本記事は前回の記事の続き…ではなく、前回の記事を書いていたときに頭に浮かんだ、正真正銘の雑感である。真面目な内容は期待しないように。そもそもこのブログを読む者は、すべての真面目さを捨てよとダンテも書いておる(嘘)。
ボードゲームの目的
これはボードゲームをする目的ではなく、そのボードゲーム自体の目的のことだが、多くのボードゲームは「勝利」を目的としている。勝敗を目的としないゲームに「アンゲーム」という名前がついているくらいだから、ほとんどのゲームは自分自身のものであれチームのものであれ勝利を目指すことが目的になっている。
ボードゲームの勝利≒ハラスメントの積み重ね
勝利を味わう人がいる一方、敗北を味わう人が出てくるのは必然だ。一般的に最終結果としていずれかがより優位な立場にいるかによって勝利と敗北が判定される。ゲームの過程における、自分にとって有利であったり、有利でなくても相手の不利益につながる一手一手の積み重ねが勝利と敗北を決めると言ってもよいだろう*1。つまり、ボードゲームは相手に対して嫌がらせをすることで勝利をつかむという側面が少なからずあるということだ。
前回の記事で見たように、嫌がらせは「ハラスメント行為」の基本要件である(定義については当該記事を参照いただきたい)。だから、ボードゲームは構造的にハラスメント行為を含んでいることになる。嫌がらせを受けたと感じなければハラスメントではないが*2、たいていのシチュエーションでは「くそー、やられたぜ」と思うわけで、ワーカープレイスメントゲームであればなおそれが明確であり、ハラスメントの要件を満たしてしまう。ワーカープレイスメントはワーカープレイスアンドハラスメントゲームと呼称しても差し支えないくらいだ。したがって、ウヴェ・ローゼンベルクはハラスメントで大成功したと言っても過言ではあるまい(過言)。
ボードゲームのハラスメントはボードゲームの面白さの根幹
ボードゲームにおけるハラスメントは、パワハラやセクハラといった社会問題になるようなハラスメントと決定的に異なる点がある。それは好悪といった感情や反射的な行動ではなく、自分の頭で考えた"合理的な判断”に基づく結果としての行動の側面が強いということだ*3。もちろんマルチのように殴り合いベースのゲームでは、嫌がらせの対象として、合理的な判断ではなくヘイトが溜まっている相手(というと聞こえはいいが、要するにムカつく相手だ)を選ぶという感情的な判断もなくはないが、少なくとも勝利を目指すことを忘れていないのであれば合理的な判断が優先される。この、「自分の頭で考える」ということがボードゲームの面白さの一つの側面であることは間違いない。検索すればお手軽に「解答」が得られる世の中は、言ってみればたいして腹が減っていないときに誰かから与えられるパンに囲まれた世界である。一方、自分の頭で考えた「回答」は、間違いなく腹が減っているときに自分の労働によって獲得したユニークなパンである。同じパンでもどちらがよりうまいと感じるか、想像力をさほど必要とするまい。

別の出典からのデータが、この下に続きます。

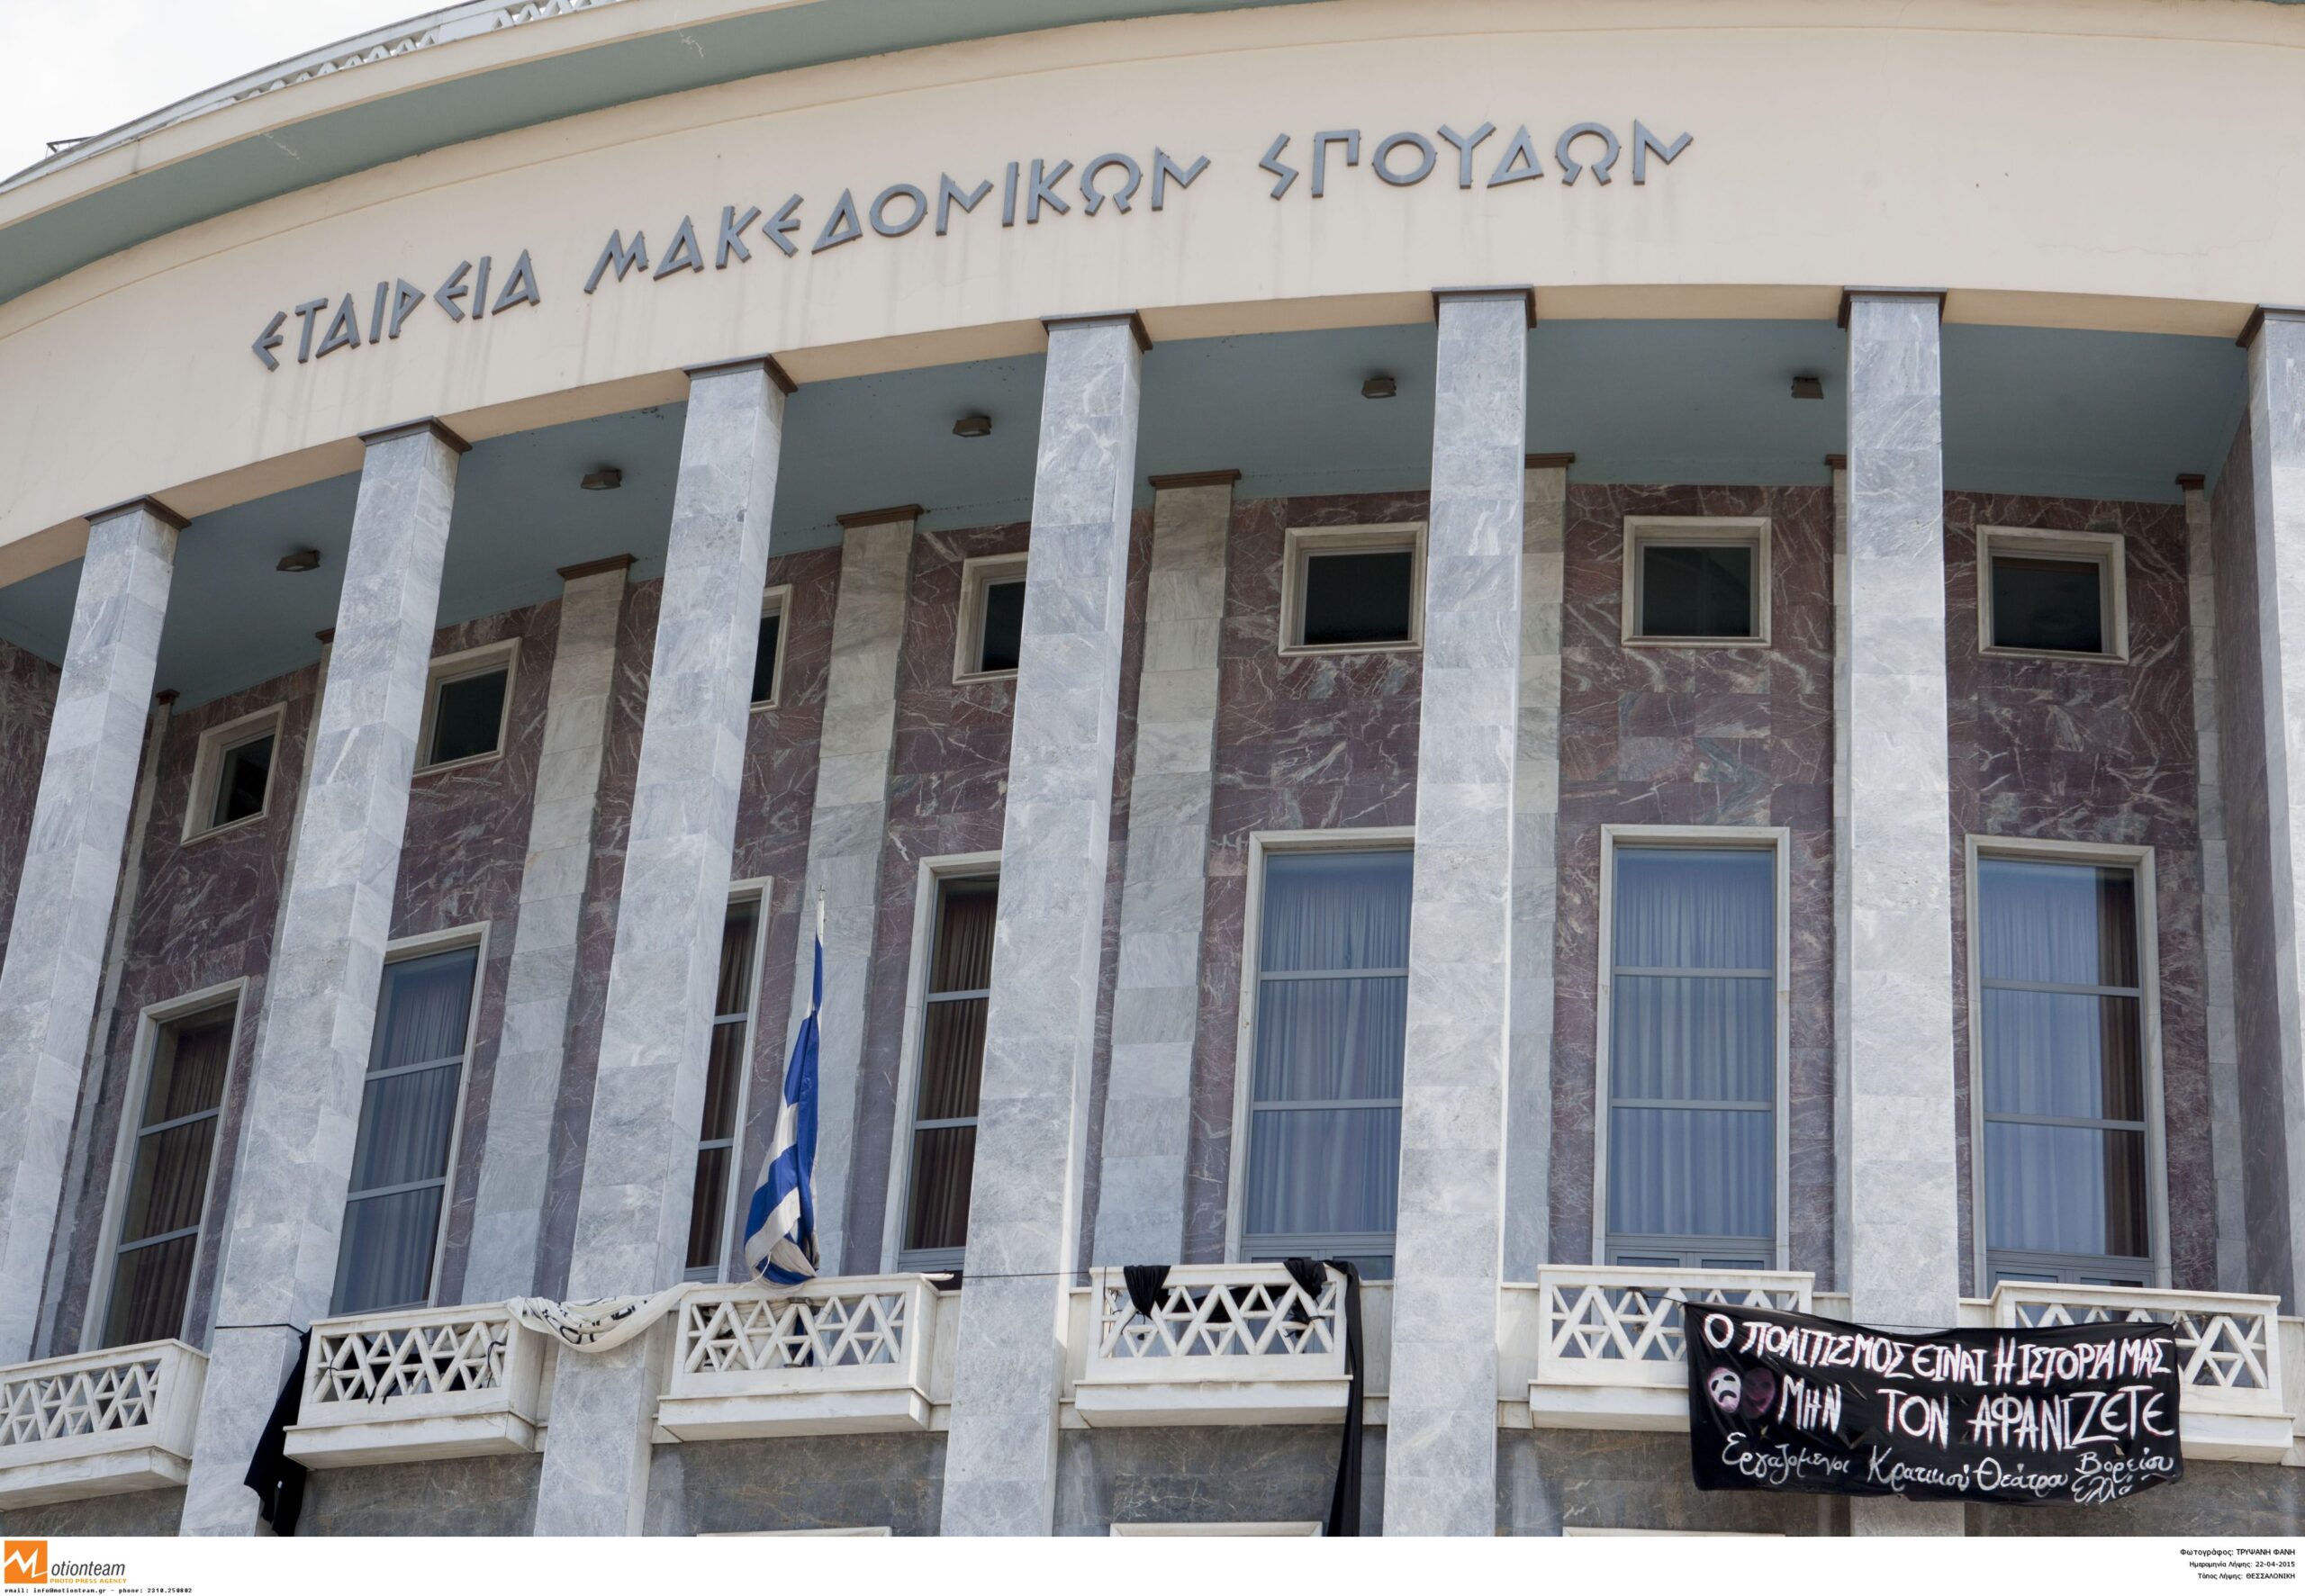 Κορονοϊός: Αναστολή των παραστάσεων του ΚΘΒΕ για 15 ημέρες

ボードゲーム、特に重量級のものをやった後の充実感は、頭を使って考えたことからくる疲労が主たる原因だが、それだけ嫌がらせを一生懸命に考えていたわけである。日常生活であればアブナイ奴としか言いようがないが、ボードゲームならば許される。
ただ、最後にこれだけは明言しておきたい。嫌がらせマンセーのボードゲームと言えど、ダーティーな手は決して称賛されず、それは正真正銘のハラスメント行為である。読者諸氏には正々堂々とした嫌がらせを心がけていただきたい。